◆ What to produce ◆
Reproduce the listing below character for character; drop every image.

── Source material

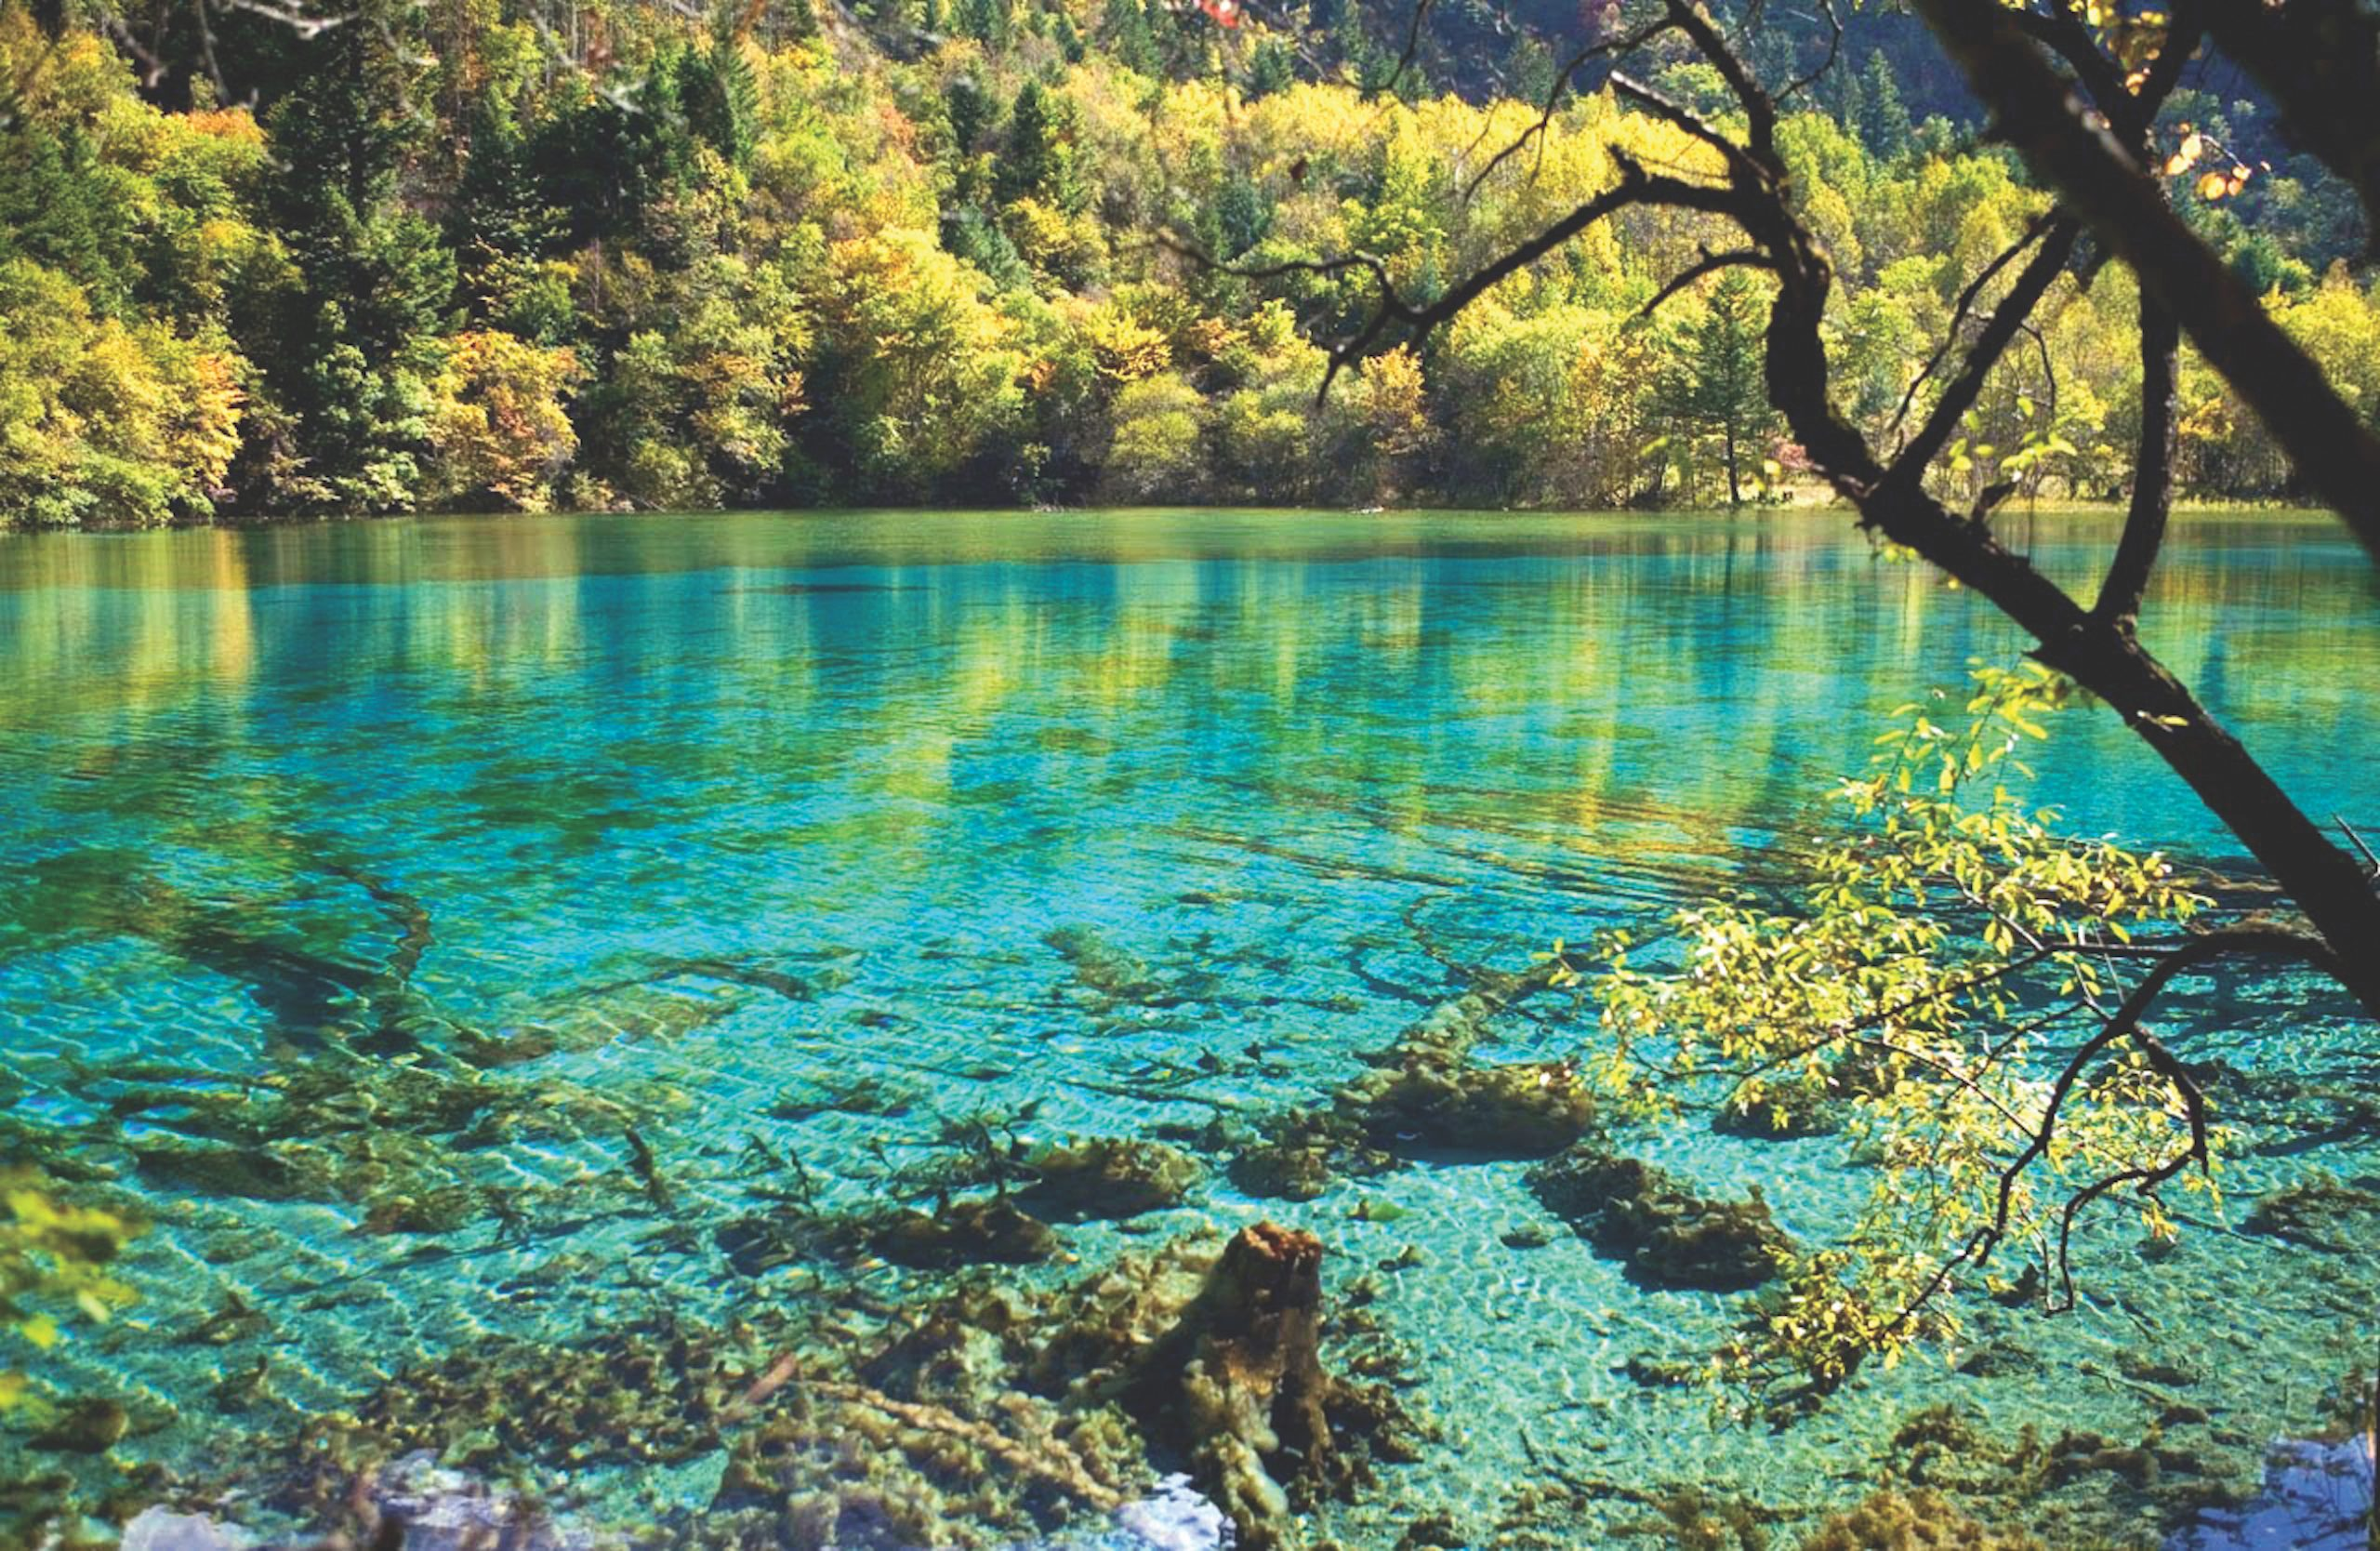 8 danau unik di Indonesia akibat fenomena alam.
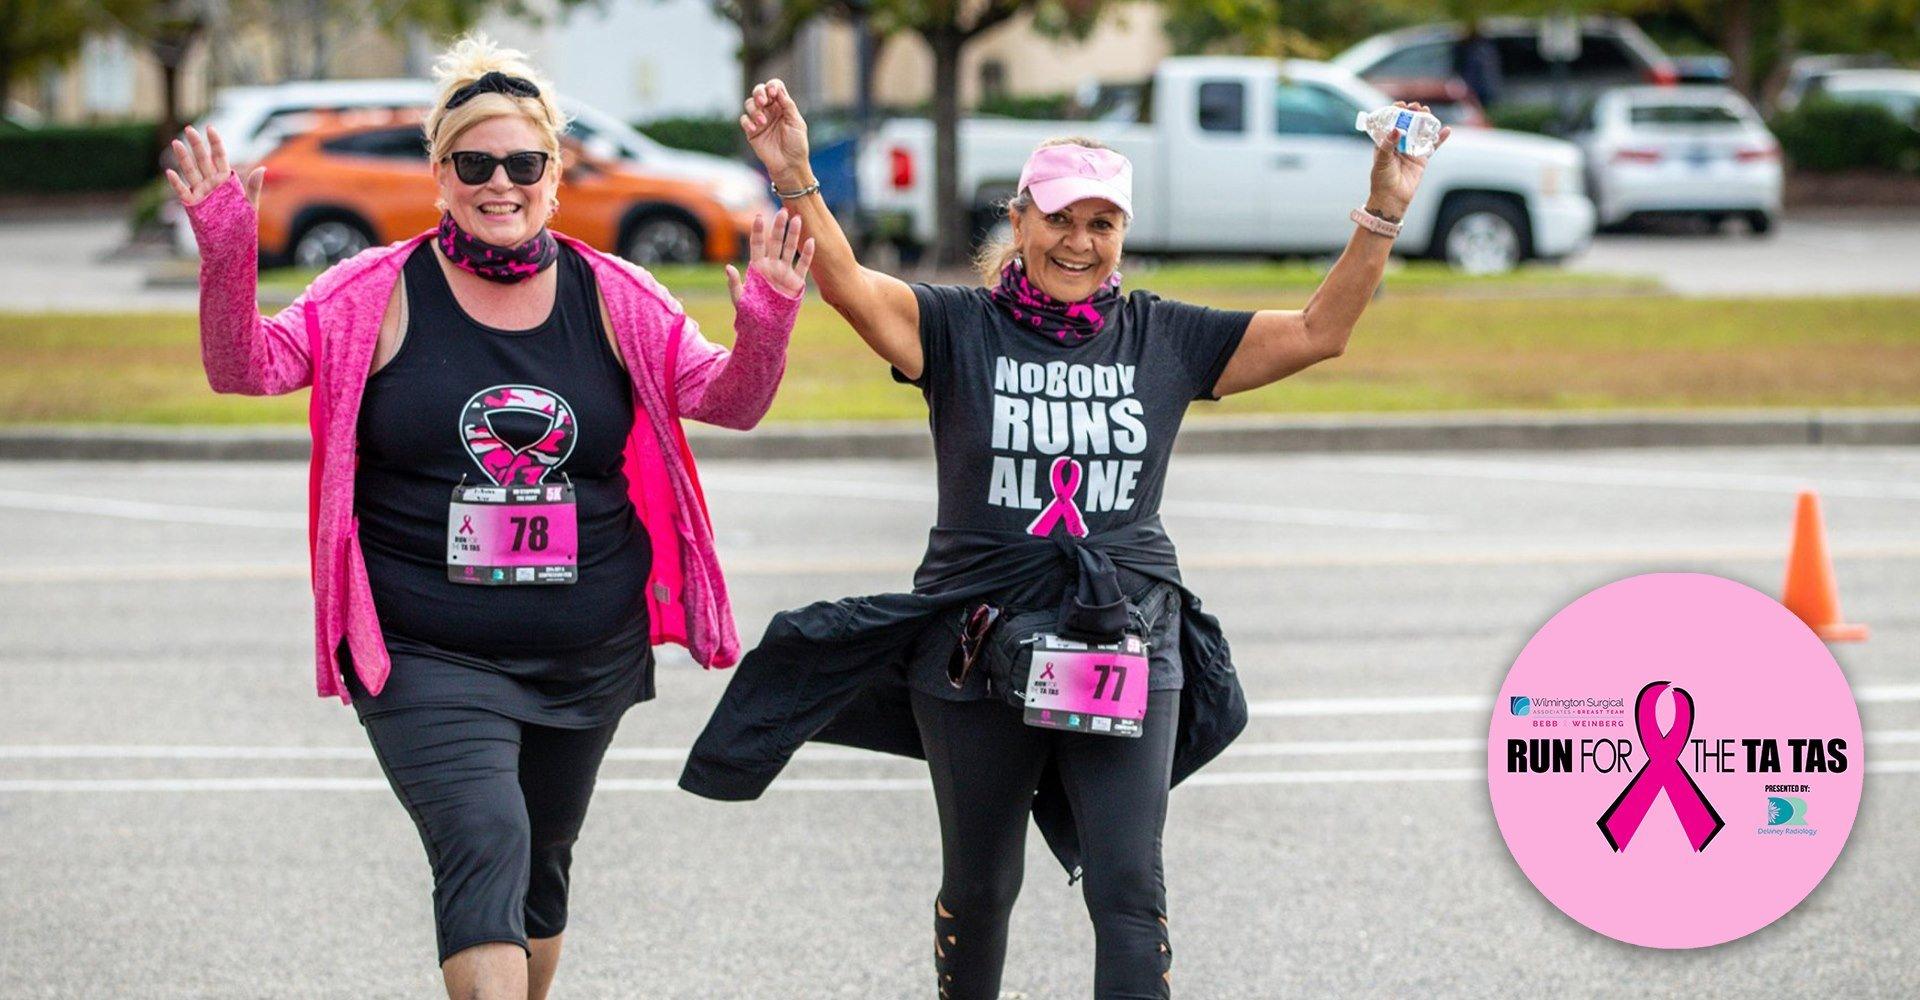 Run for the Ta Tas - Wilmington, NC
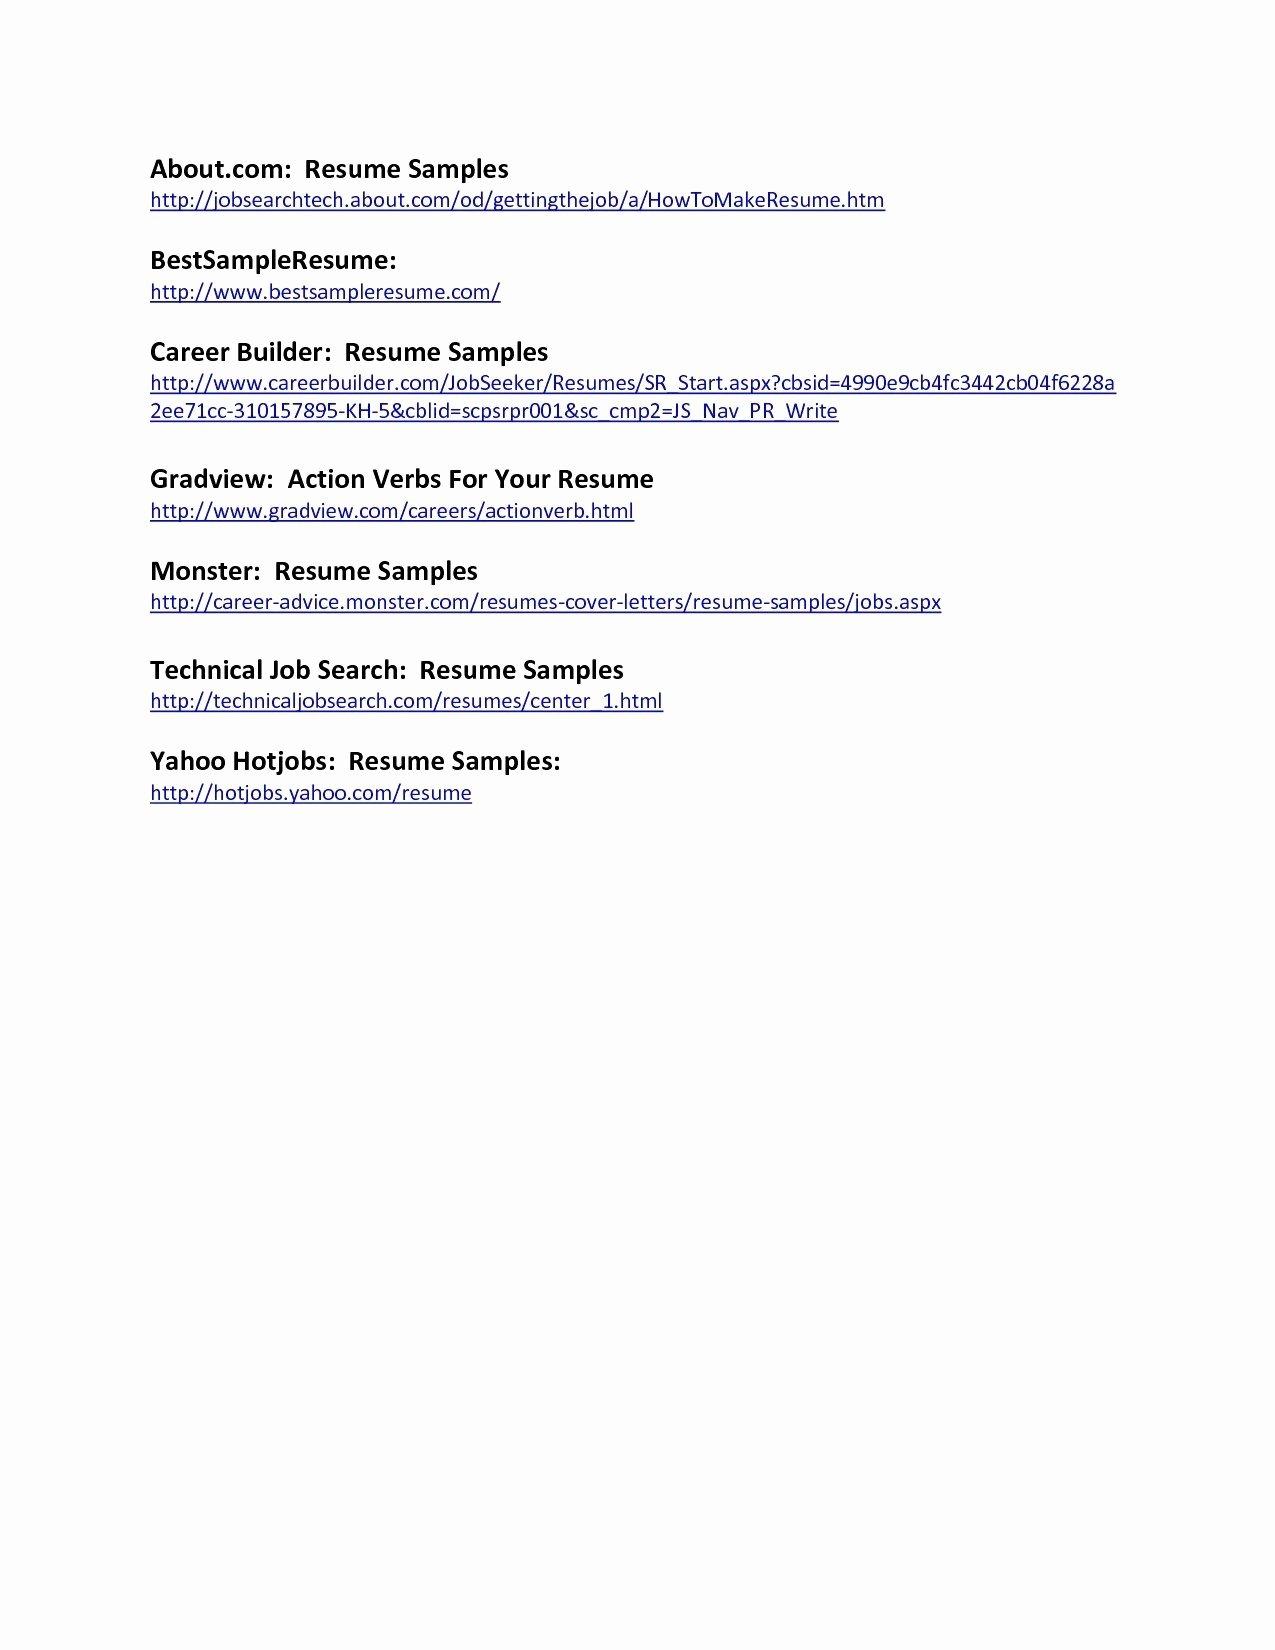 Voluntary Demotion Letter Sample Lovely Valid Free Demotion Letter Template

────

◆ Answer section ◆
 8 danau unik di Indonesia akibat fenomena alam.
 Run for the Ta Tas - Wilmington, NC
 Voluntary Demotion Letter Sample Lovely Valid Free Demotion Letter Template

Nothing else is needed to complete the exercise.